[DATA SECTION — start]
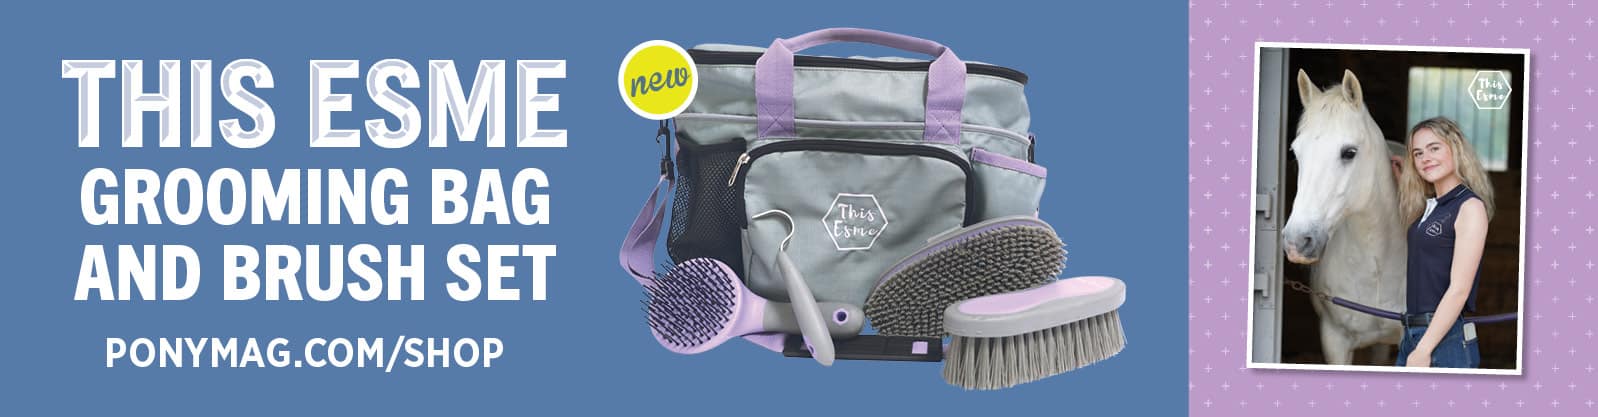 This Esme grooming bag and brush set
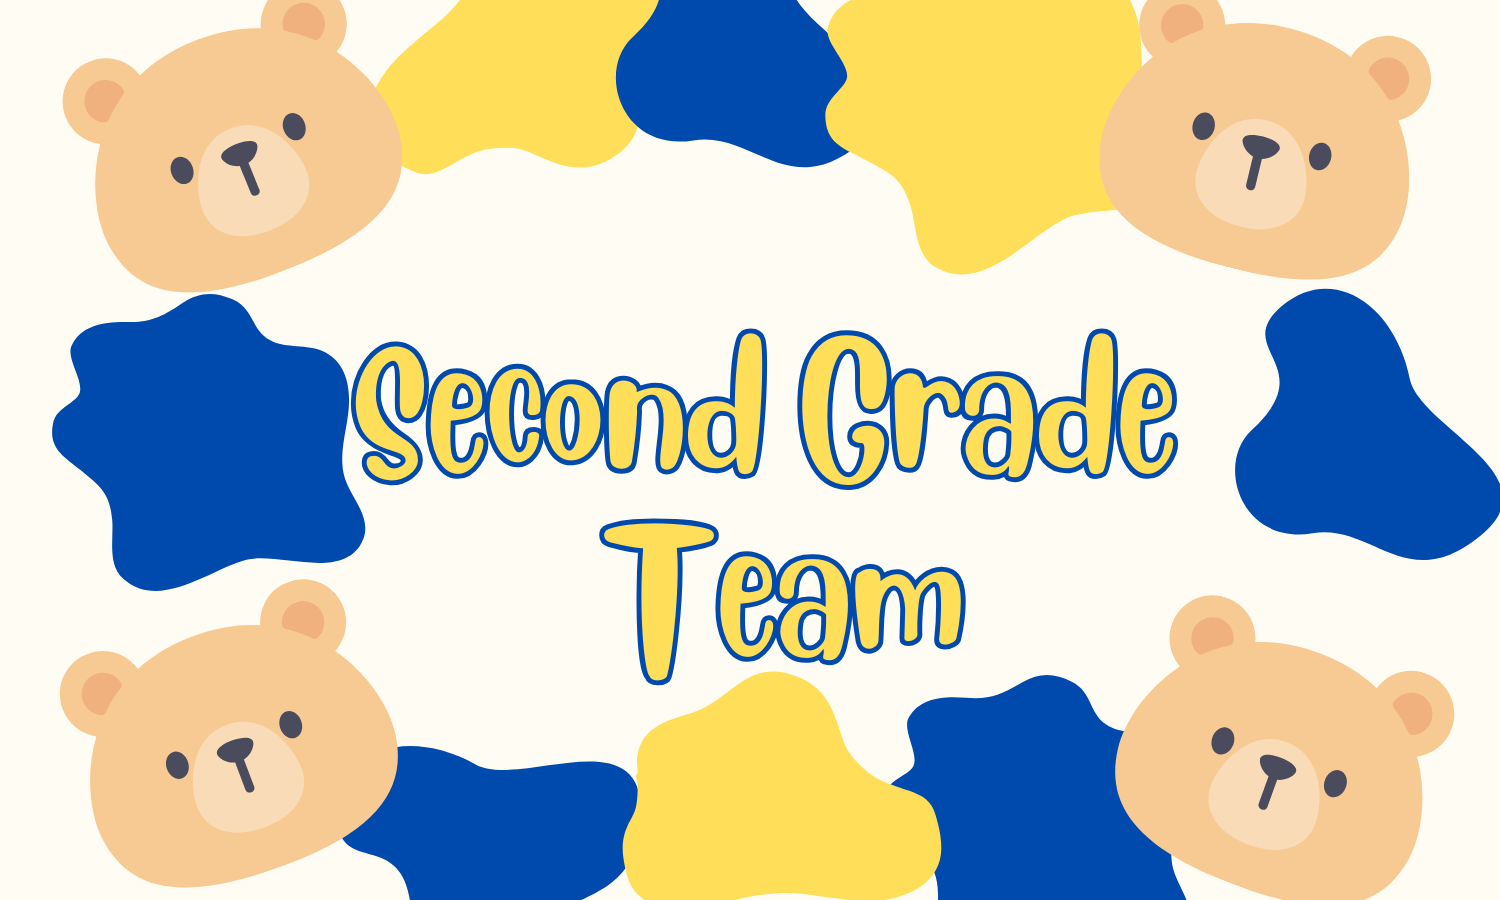 Second Grade Team Image Title
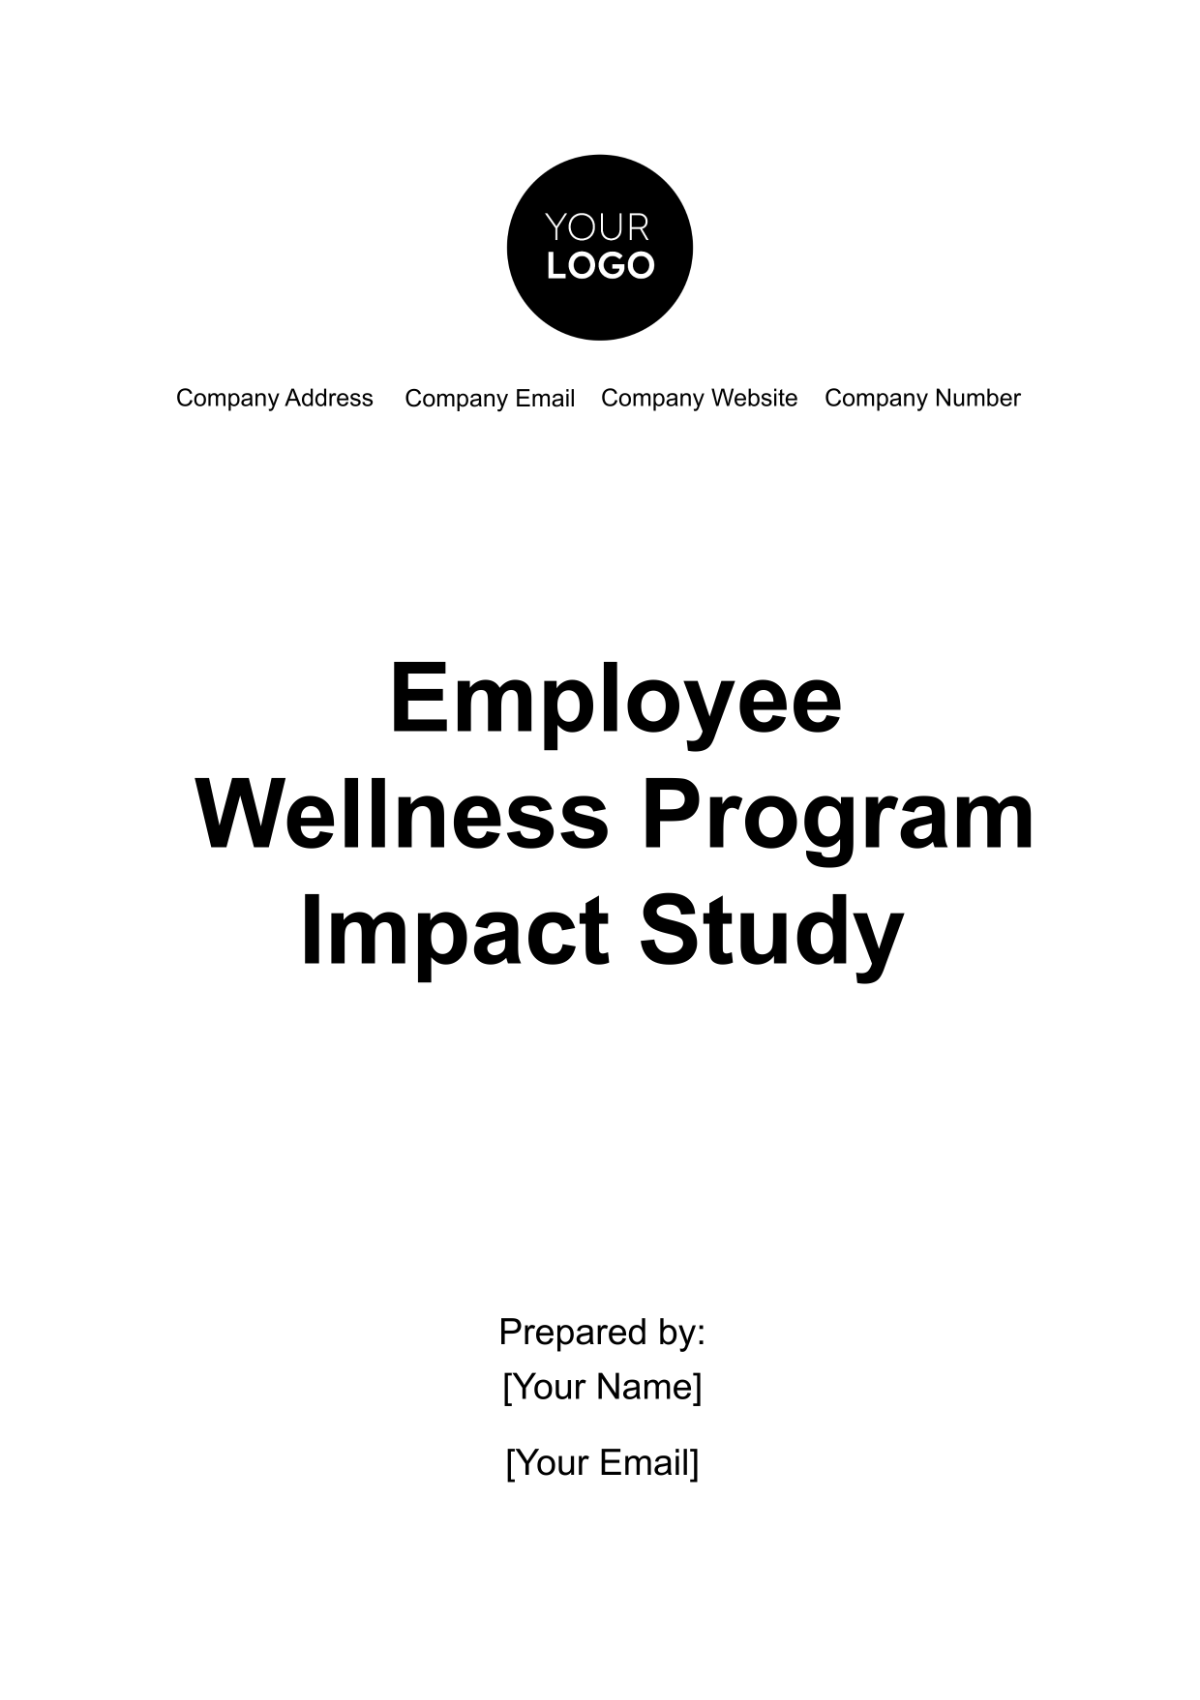 Employee Wellness Program Impact Study Template
[DATA SECTION — finish]
The expected output is the complete listing, word for word, without any picture.

- _RESULT FOR THIS EXERCISE_
 This Esme grooming bag and brush set
 Second Grade Team Image Title
 Employee Wellness Program Impact Study Template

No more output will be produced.